Fisherman slammed to the ground by a police officer now 'considering legal option'

Fisherman was among those blockading Confederation Building, fighting for 'free enterprise'

Fisherman slammed to the ground by a police officer now 'considering legal option'

The fisherman who was left with a broken hip after he participated in a blockade last month is now “considering legal options” against the Royal Newfoundland Constabulary (RNC), according to a report.

Richard Martin, 52, was “slammed to the ground by a police officer,” according to a CBC report.
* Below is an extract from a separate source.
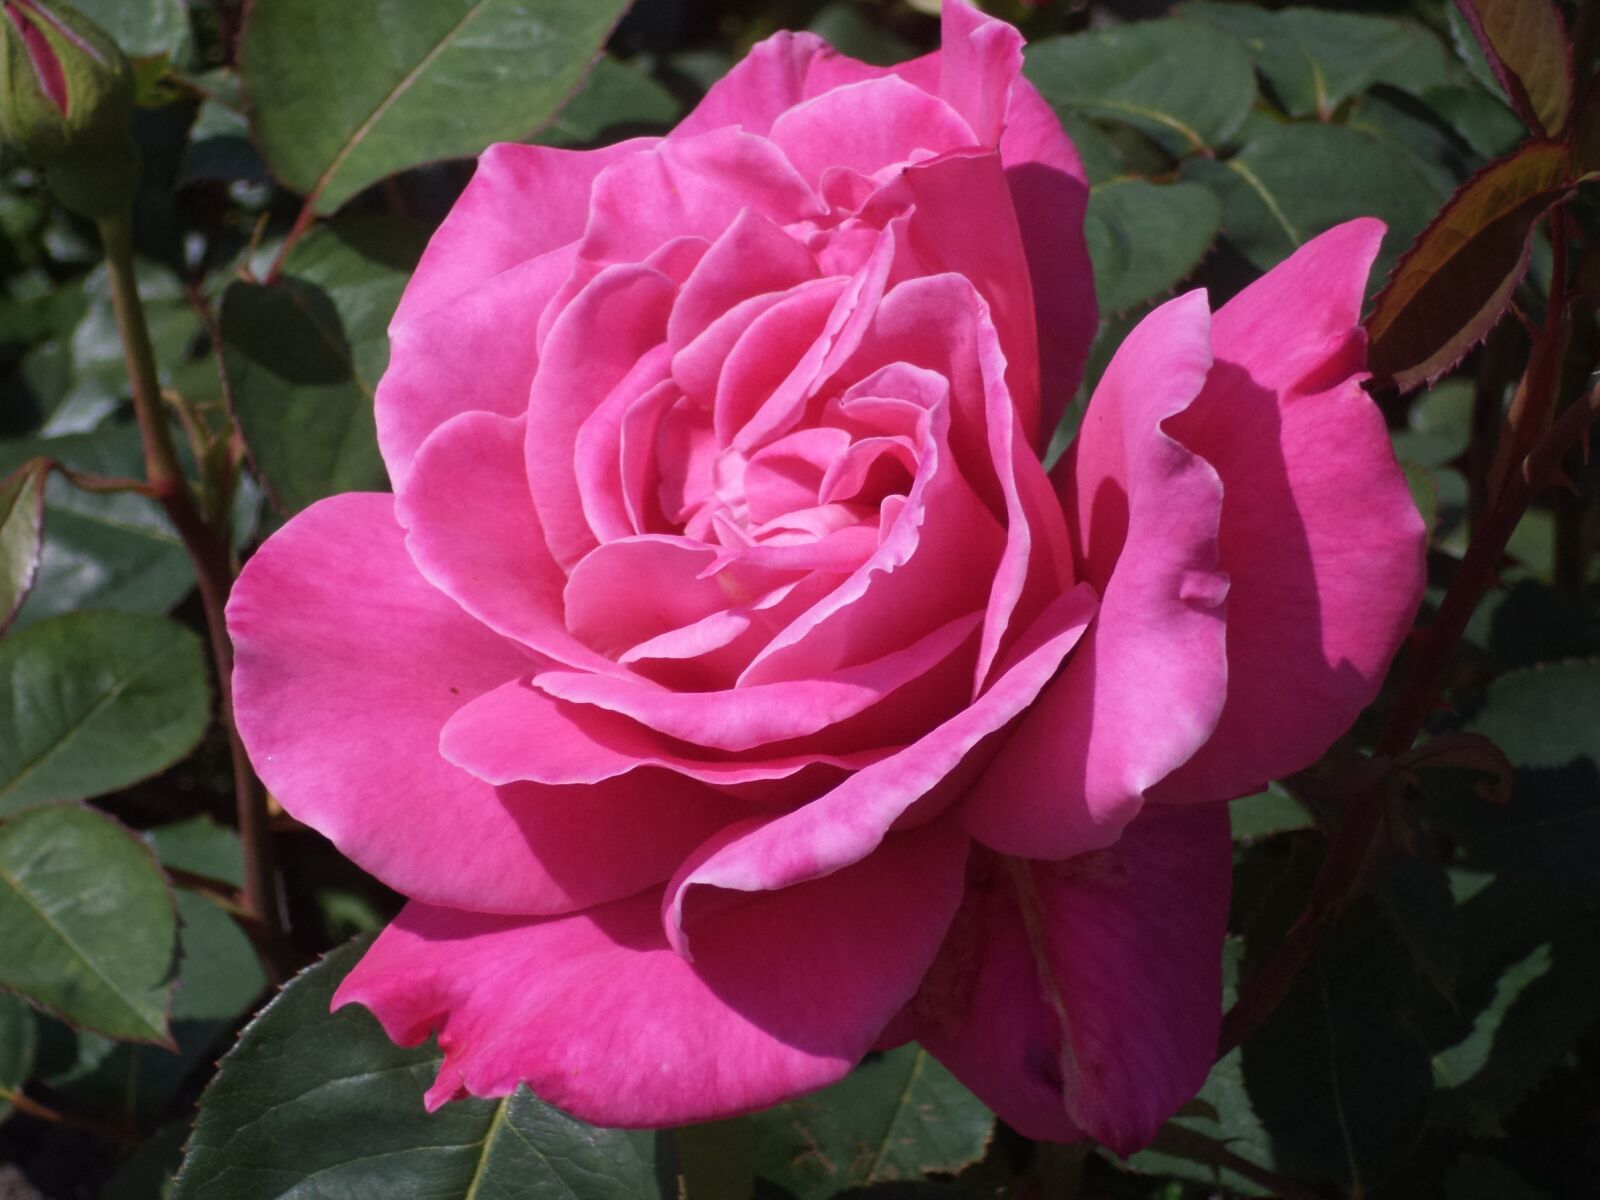 Sony DSC-S5000 sample photo. Rose, flower, rose flower photography

The incident happened on March 20, when hundreds of seafood harvesters were blockading Confederation Building in St. John's, preventing public service workers and politicians from accessing the sprawling complex.

The seafood harvesters were there fighting for what they were calling "free enterprise," or the right to have more say over how they catch, land and sell their seafood. They were calling on political leaders to “loosen the tight grip they asserted seafood processing companies hold over the industry,” according to the CBC report.

Tension escalates at blockade

The action focused on an access point at the rear of the building that was commonly used by politicians and government workers.

Then, two RNC officers on horseback entered into the crowd. Other officers on foot attempted to open a corridor to let government workers into the building. 

Some protesters who were slapping at the horses, and that angered the mounted officers, according to the CBC report.

One RNC officer on horseback yelled: "You're getting charged! You're getting charged! Video. Get him. Make sure you..."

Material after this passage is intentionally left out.